Rory Gibson from Medact then spoke on behalf of the No Palantir in the NHS campaign. He described how a widespread campaign has mobilised nationally and across grassroots local groups in response to Palantir, a company complicit in human rights abuses, being given the contract for the NHS Federated Data Platform, also known as the FDP.

There have been significant wins, such as the BMA urging its members to boycott the use of Palantir, and Greater Manchester Integrated Care Board deciding not to adopt the FDP, with the ultimate aim that the government exercise the break clause in the contract.

Since the conference was taking place as part of the Trade Union Year of Climate Action, there were also a range of contributions from trade unionists talking about the impact of AI in the workplace.

Shireen Asaw of United Tech and Allied Workers believed the technology of AI was not in itself the problem, but how it is used, “in the hands of billion pound corporations acting in the interests of their shareholders”. Speaking via video link, because of heatwave-related transport disruptions, she reminded the audience that every summer we break another temperature record, while companies are racing to build one of the most energy-hungry technologies that humanity has ever created.

She also highlighted AI’s ‘ghost workers’. “Millions of people around the world spend their days labelling images, transcribing speech, reviewing content, correcting AI mistakes, and producing the data that these systems need to function.”

“If technology simply moves work somewhere where workers have fewer rights, that's not innovation. That's outsourcing with better marketing.”

Linked to this, she suggested “Every time a CEO says that AI is replacing workers, I think we should ask the question, is it really AI or is AI becoming a convenient excuse to make decisions that companies already wanted to make?”

This was also echoed by Simeon Gill, president of the University of Manchester University College Union, who felt that management may use workers being replaced by AI as a threat, even when it’s impossible for AI to do what humans do. Within the university he reported that the Students Union was strongly pushing back, however the higher education sector as a whole should be speaking out more strongly against AI as a replacement for critical thinking and skills.
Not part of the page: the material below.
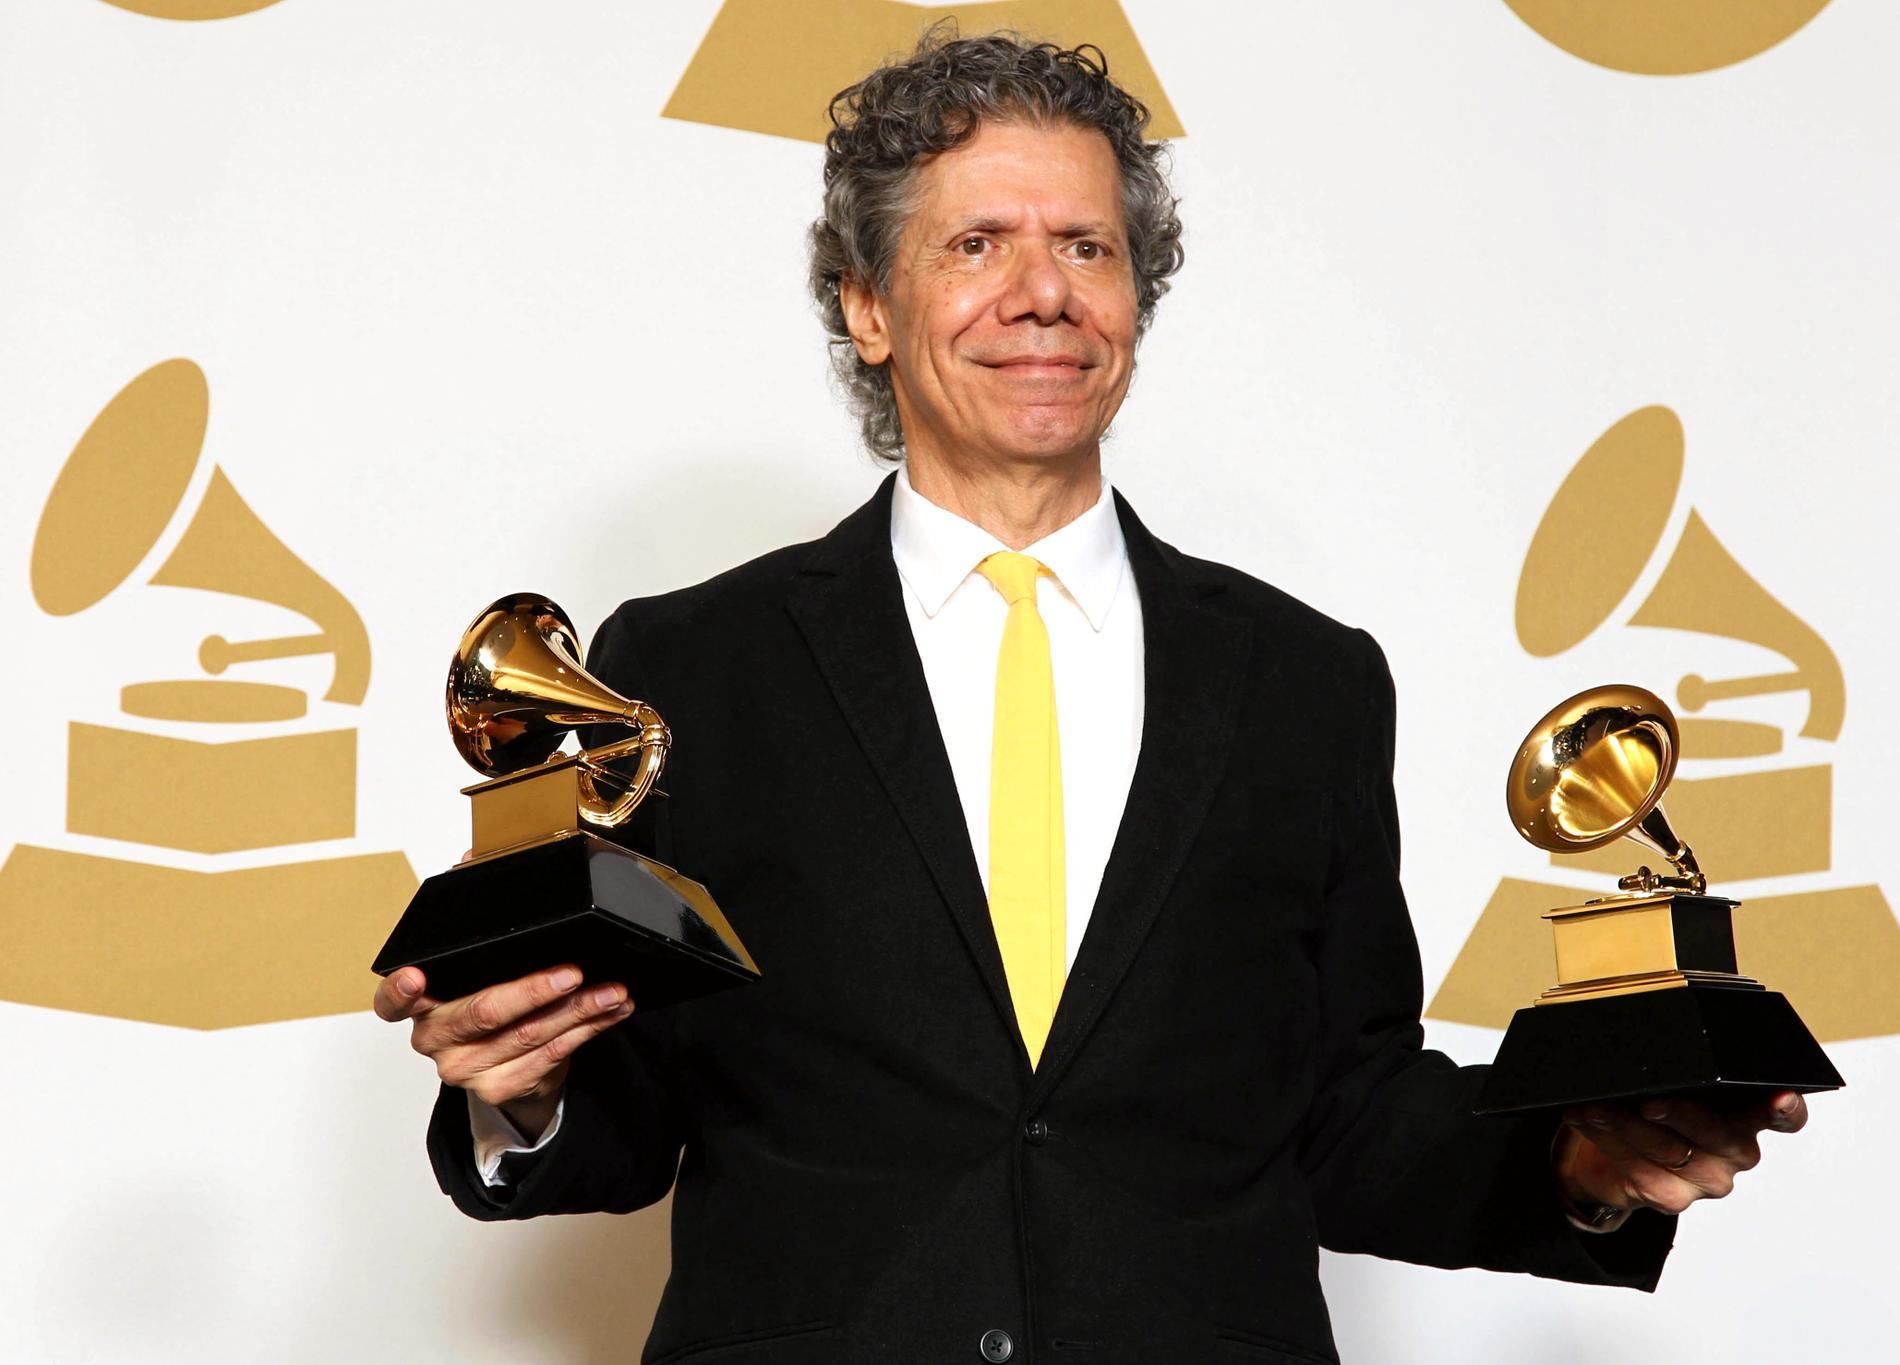 Chick Corea med två av sina Grammypriser 2015.

Laurence Bouvard, chair of Equity’s Screen and New Media Committee, spoke about the double threat that AI companies pose to performers: replacing them in jobs such as adverts, reading audiobooks; and doing this by stealing their voices, performances, and likenesses, training their algorithms on their data with no compensation. She warned about the negative impact of this on what is produced, stripping out diversity and human interest by reverting to an average, standardised model.

She also gave an example of successful collective action, when Equity threatened strike action and gained AI protections for performers.

Both Clara Paillard of Unite, and Ian Allinson from the Troublemakers at Work network spoke about how AI is being used to monitor workers in almost dystopian ways, from call centre workers, whose tone of voice may be monitored to create a ‘mood board’ to be viewed by their manager, to bus drivers and restaurant workers.

The threat of this is not just to workers’ mental health but to their physical health. Ian Allinson reported that in Amazon warehouses where people are monitored continuously by AI, the accident rate is more than double what it is in comparable jobs without that monitoring, because workers are pressured to work at their maximum rate constantly.

An open debate across the day was where the line should be drawn. Is it just AI use that is unethical, exploitative or threatens jobs that should be opposed? Should we be looking at where it can be beneficial, in tools for disabled people, for example? Or is the entire system of modern generative AI simply too extreme in its resource demand to be compatible with living within planetary boundaries? Speakers at the conference brought a variety of perspectives to the debate, but all agreed that workers and communities can and must challenge the path we are currently on.

Parallels were drawn to the successful anti-fracking movement, which combined grassroots and national campaigning. As Shireen Asaw said, “Workers don't lose power because technology changes. Workers lose power when they aren't organised.”